Именно на этом идеализме просвещенного русского человека, называвшего себя «интеллигенцией» в дореволюционной России, и сыграли его противники, лицемерно предложившие ему разрушить архаичное, по их лживым утверждениям, миростроениедержавы. Один из офицеров-добровольцев говорил, обращаясь к подчиненным из своей роты: «Эта война – это общее русское горе и общее русское страдание. Как мы смеем считать себя русскими, если не разделим эти страдания с русским народом. Поверьте мне, господа офицеры, что наша национальность определяется не нашими привычками и не теоретической любовью к отвлеченной России, а нашей неразрывной связью с судьбами ее, от чего мы не имеем права уклониться».

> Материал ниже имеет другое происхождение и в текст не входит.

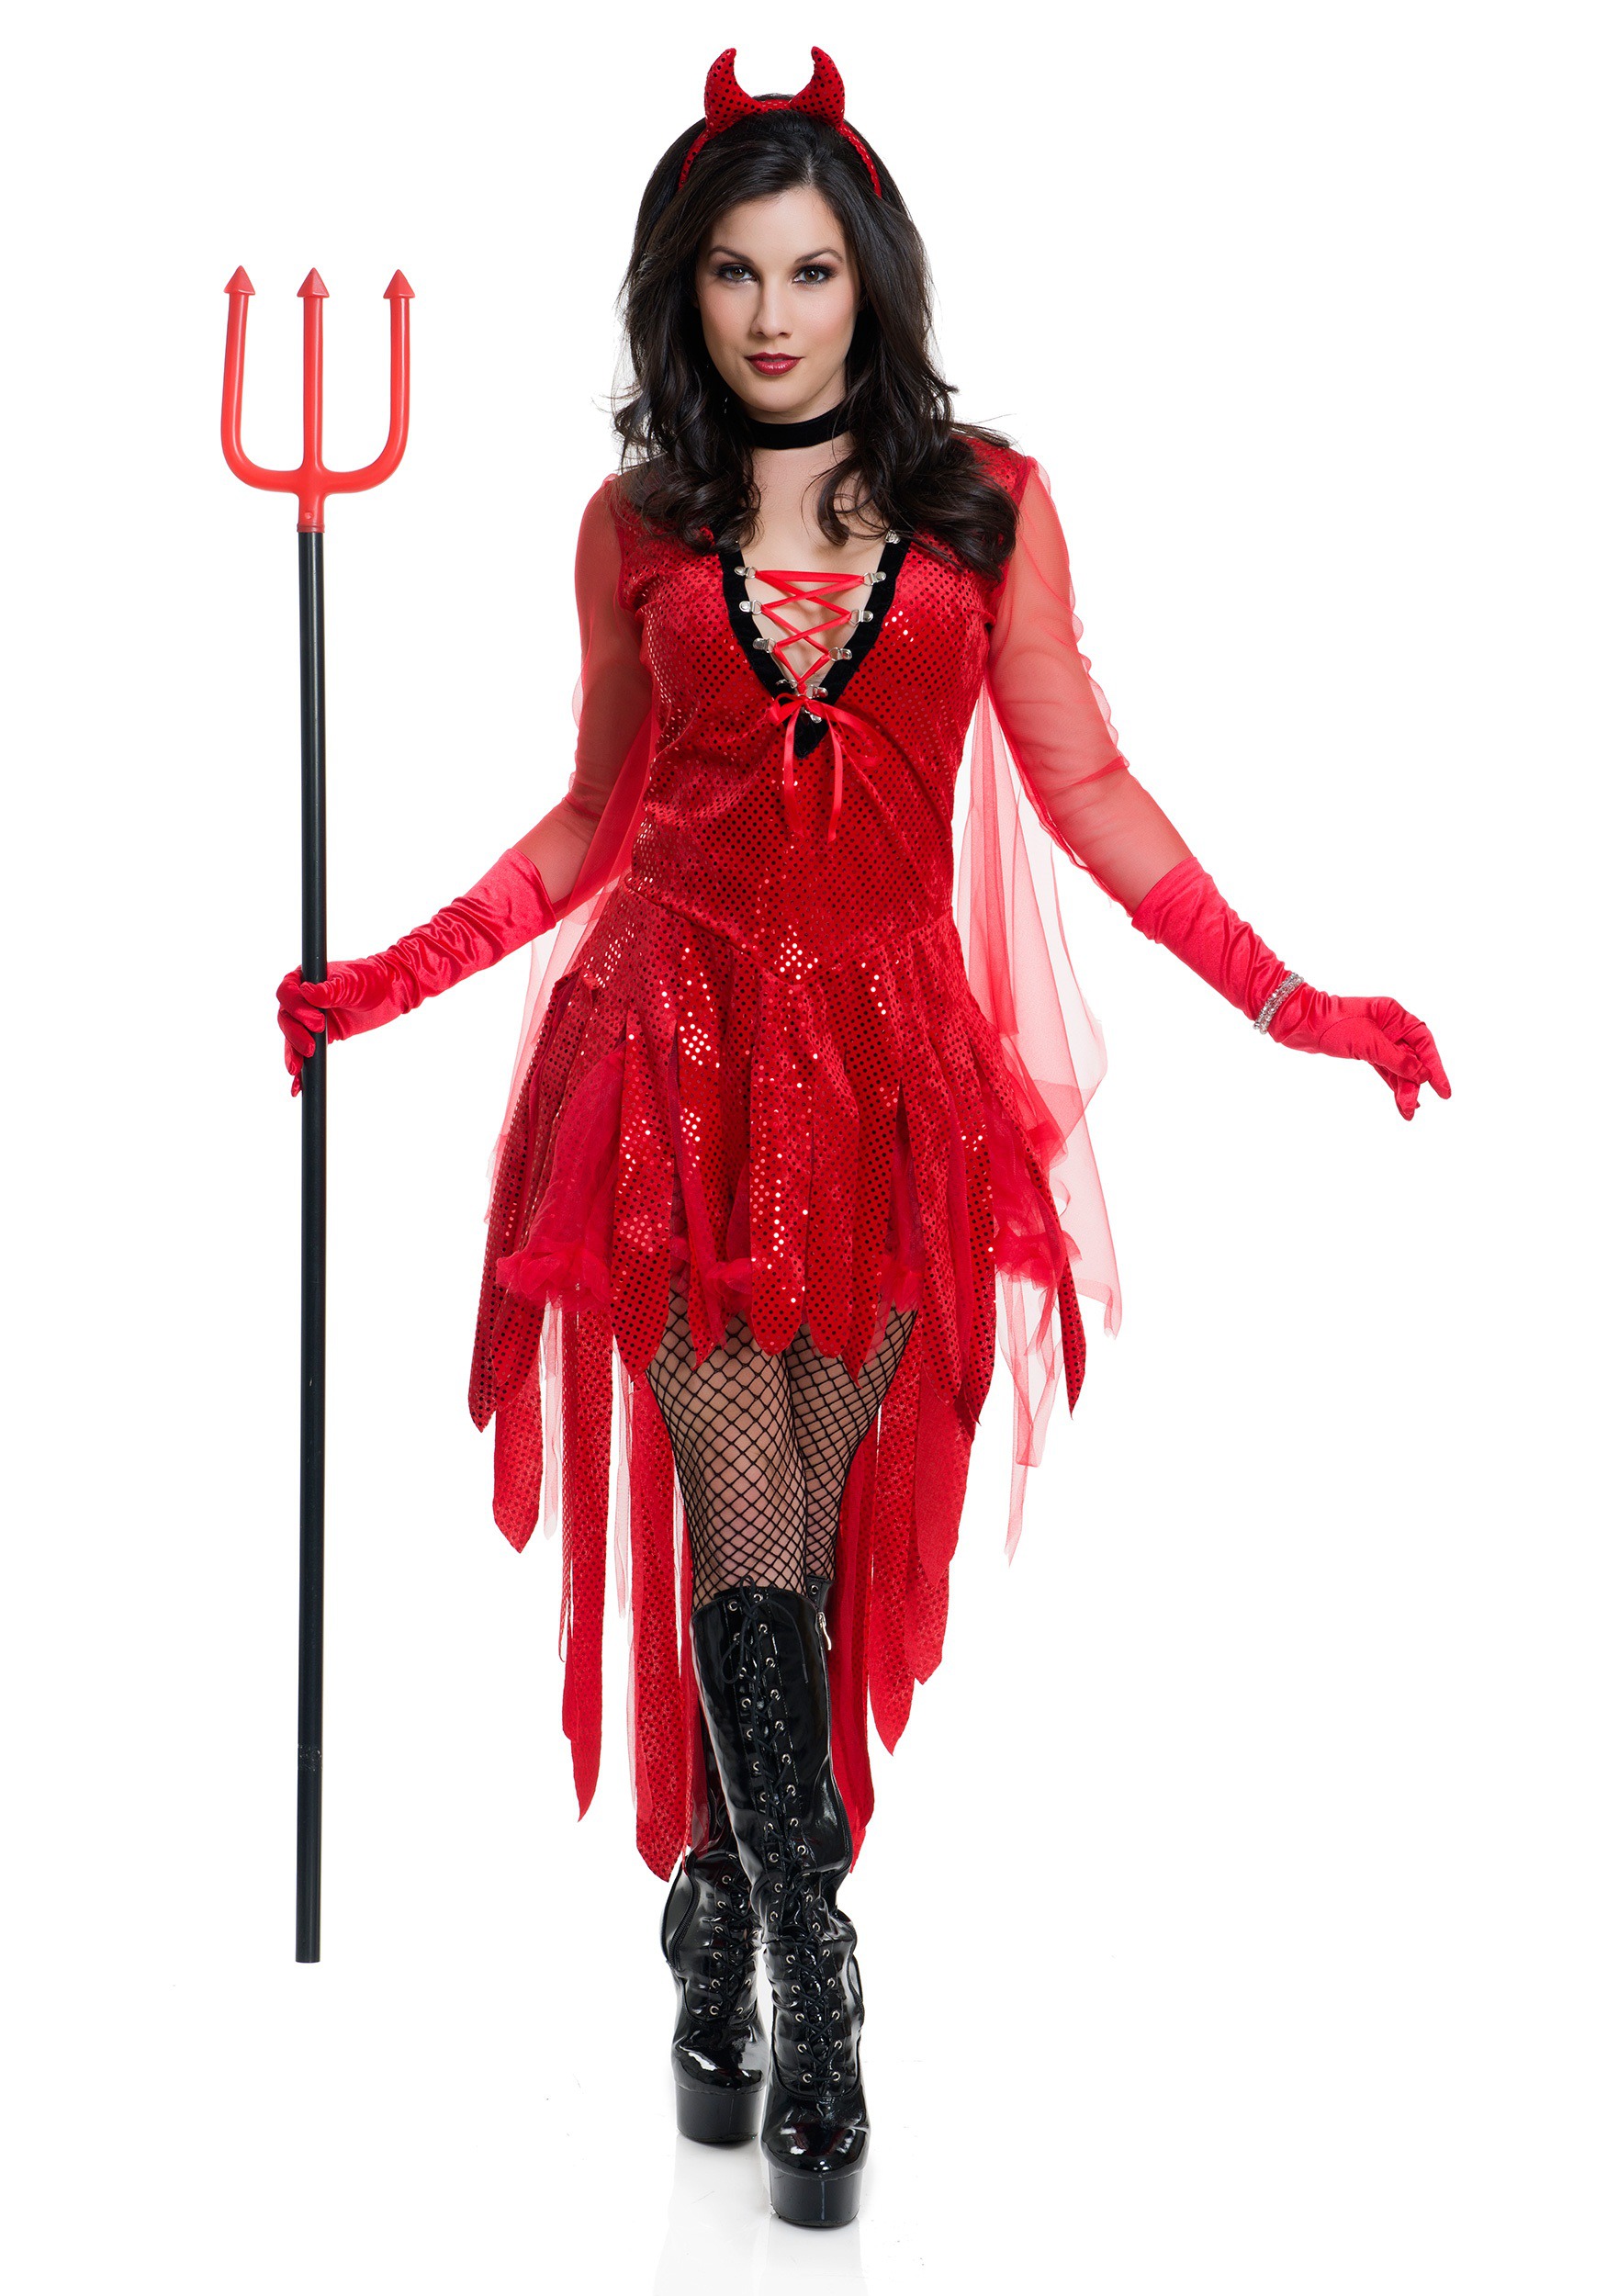 Photos - Fancy Dress Charades Sizzling Devil Women's Costume Black/Red CH03056V

После новогодних праздников генерал Корнилов решил посетить Офицерский батальон, с тем чтобы напутствовать военнослужащих. Речь, обращенная к офицерам, была неожиданна по своей решимости, с какой произнес ее Главнокомандующий. «Вы скоро будете посланы в бой, – начал Корнилов – В этих боях вам придется быть беспощадными. Мы не можем брать пленных, и я даю вам приказ, очень жестокий: пленных не брать!Ответственность за этот приказ перед Богом и русским народом беру на себя я. Но вы должны знать – за что я веду борьбу и во имя чего я призвал вас к этой борьбе, отдавая такой жестокий приказ». В нескольких сказанных затем словах Корнилову удалось почти невозможное. Свидетель его речи вспоминал впоследствии: «Генерал Корнилов заставил нас предать забвению наши политические взгляды и суждения ради единственного и всеобъемлющего – за Россию!»

Настроение слушавших офицеров было боевое, но военный поход без достаточного количества нужных вооружений казался дикой бессмыслицей даже батальонным командирам. Корнилов попытался отправить особую команду численностью в 54 человека для получения орудий на Кубани, в ее столице Екатеринодаре. Миссия по доставке возлагалась на капитана Беньковского. Под его началом состояло 7 офицеров и 14 юнкеров 1-й батареи, вооруженных винтовками и одним станковым пулеметом «максим». К отряду были прикомандированы 33 офицера. До станции назначения отряд не доехал, будучи разоруженным на станции Тихорецкая советскими войсками, и все чины отряда были отправлены под усиленным конвоем в Новороссийск, где властями Черноморской советской республики были посажены в тюрьму и только чудом не погибли, освобожденные в день подхода из Севастополя германской морской эскадры для защиты Новороссийска по настоятельной просьбе адмирала Саблина.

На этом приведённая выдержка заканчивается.